В Волколату, чёрт с ней и с её хозяином, стерпел бы Глеб и пана Миколая Довконта ради того, чтоб быть дома и рядом с сестрёнкой.
Не хотелось ни с кем говорить, даже с Грегори и Власом. Впрочем, те и сами притихли – то ли спать так хотелось, то ли просто так же, как и литвин затосковали по дому. Глеб не хотел ни гадать, ни допытываться.
Скрипнула в тишине кровать, метнулась в свете лампады длинная корявая тень, качнулась на белёной стене. Невзорович нехотя поворотил голову в сторону икон.
Сандро.
Графский бастард, белея в сумерках спальни ночной рубахой, почти неслышно крался между кроватей по направлению к ним троим, мягко ступая босыми ногами по холодному паркету – в щель под запертой сейчас дверью на бывшую галерею над полом ощутимо тянуло холодом, приглядись, так и лёгонький туман над полом заметишь. Такое бывает, когда в мороз в крестьянской избе распахнут дверь – и валят над полом от двери до самого красного угла клубы холодного пара, – вспомнил Невзорович не раз виденное в Литве.
Но Литва Литвой, мороз морозом, а что надо Сандро? Куда он крадётся и зачем?
Что ему надо?
Грегори приподнялся на локтях, кровать предательски скрипнула, и почти тут же шевельнулись и друзья – Грегори и Влас. Сандро замер на месте, несколько мгновений разглядывал их в сумерках, поблёскивая глазами, потом снова шагнул ближе, оказался у самого изголовья кровати Глеба.
Приложил палец к губам.
Трое друзей стремительно переглянулись и ответили Сандро тремя кивками. Потом Грегори, поморщившись от боли в спине (Глеб, сочувствуя, невольно втянул носом воздух), приподнялся и сел, освобождая место на краю кровати. Кивнул на освободившееся место бастарду.
– Садись, Поццо-ди-Борго…
Сандро вздрогнул, словно его ударили, покосился на Грегори, на Глеба, на Власа, словно ожидая увидеть усмешку на губах хоть у кого-то из них. Но все трое смотрели на него серьёзно, без улыбки, и бастард проворчал шёпотом:
– Терпеть не могу эту фамилию. Сандро зови. Меня все так зовут.
– Добро, – с ноткой понимания отозвался Грегори (Глеб и Влас молчали). – Сандро так Сандро. Чего хотел-то, Сандро?
– Да сам не знаю, – бастард беспомощно развёл руками. – Странное чувство… раньше такого не было. Много раз дрался, я бил, меня били… а вот такое – впервые. Как будто мы теперь… ну я не знаю…
Сандро мучился, не находя нужных слов, видно было, что ему смерть как хочется сказать что-то пафосное и высокое, а слова не идут – не привык Поццо-ди-Борго к таким словам, никогда их не говорил и всегда презирал. Глеб вдруг, уловив нужную паузу, вклинился и сказал то, что он чувствовал сам:
– Одного корабля матросы.
– Да, – с неожиданным облегчением сказал Сандро – видимо, Глеб попал в точку. И повторил. – Да, так.

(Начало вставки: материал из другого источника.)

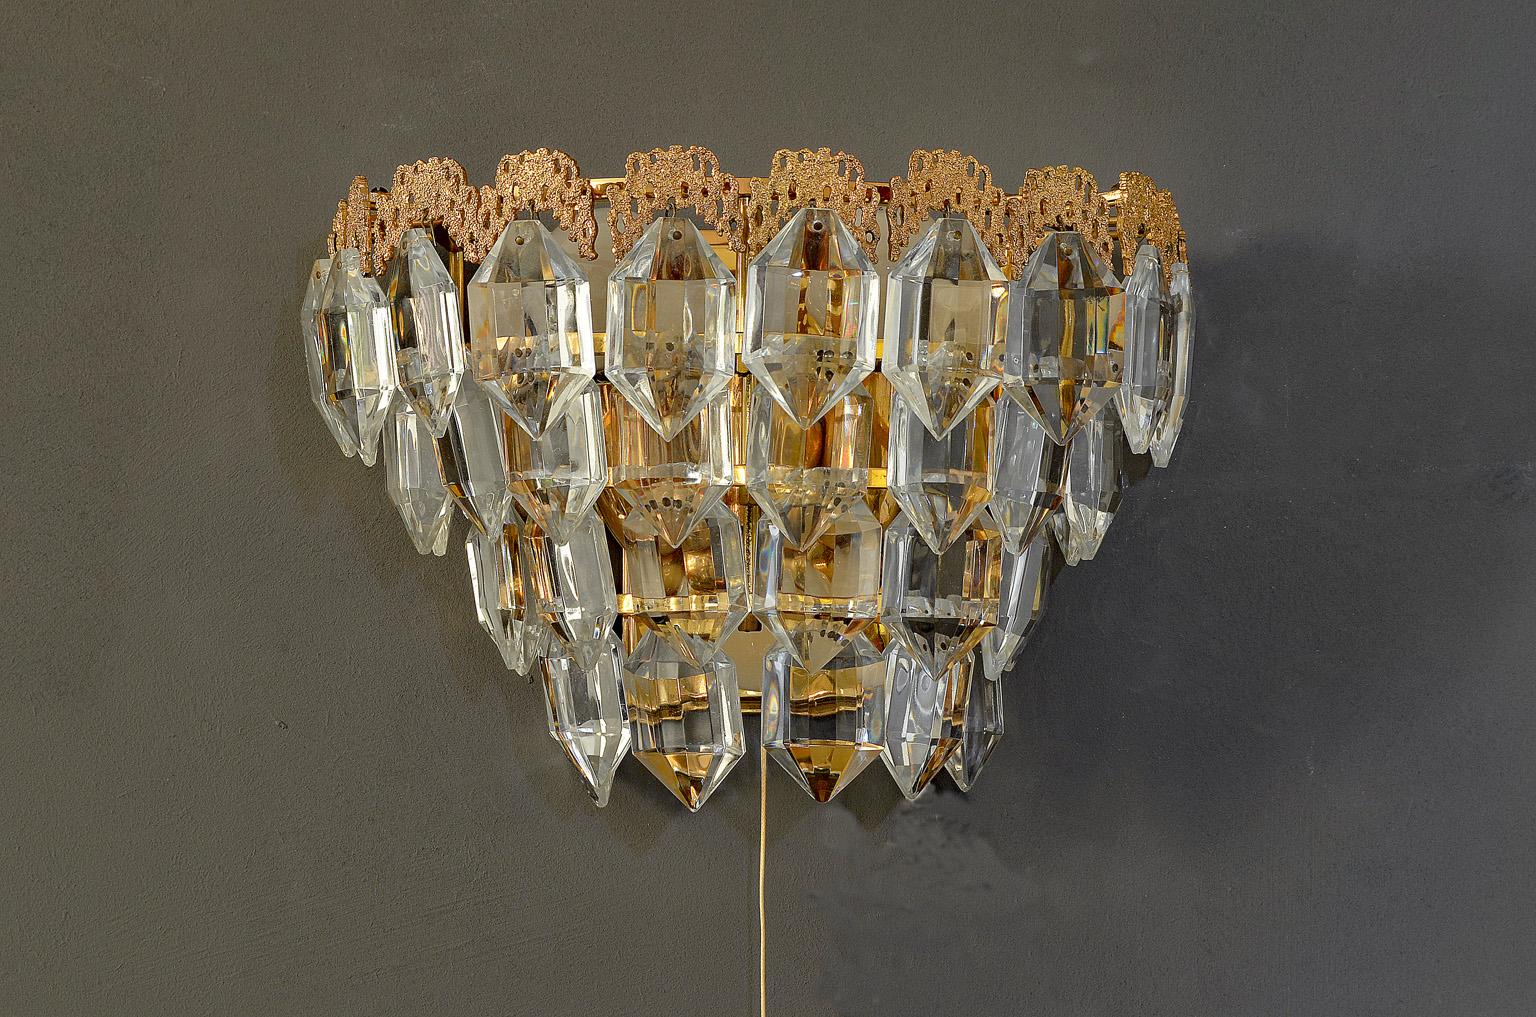 Mid-Century Modern Pair of Sconces from Bakalowits, Austria 1960s, Gilt Brass and Faceted Glass

[1] Ватажок – бригадир, глава артели.
[2] Катапетасма – церковная заве́са в православных храмах — занавес за иконостасом, отделяющий царские врата и престол (греч. καταπέτασμα — «занавес»).
[3] Ошкуй – белый медведь.
[4] Король Бабай – вождь (царь) сарматов или языгов (погиб около 472 г.). Польские дворяне считали себя потомками сарматов.
[5] Насрать на вас, уроды сраные (итал.).
[6] Положение обязывает (франц.).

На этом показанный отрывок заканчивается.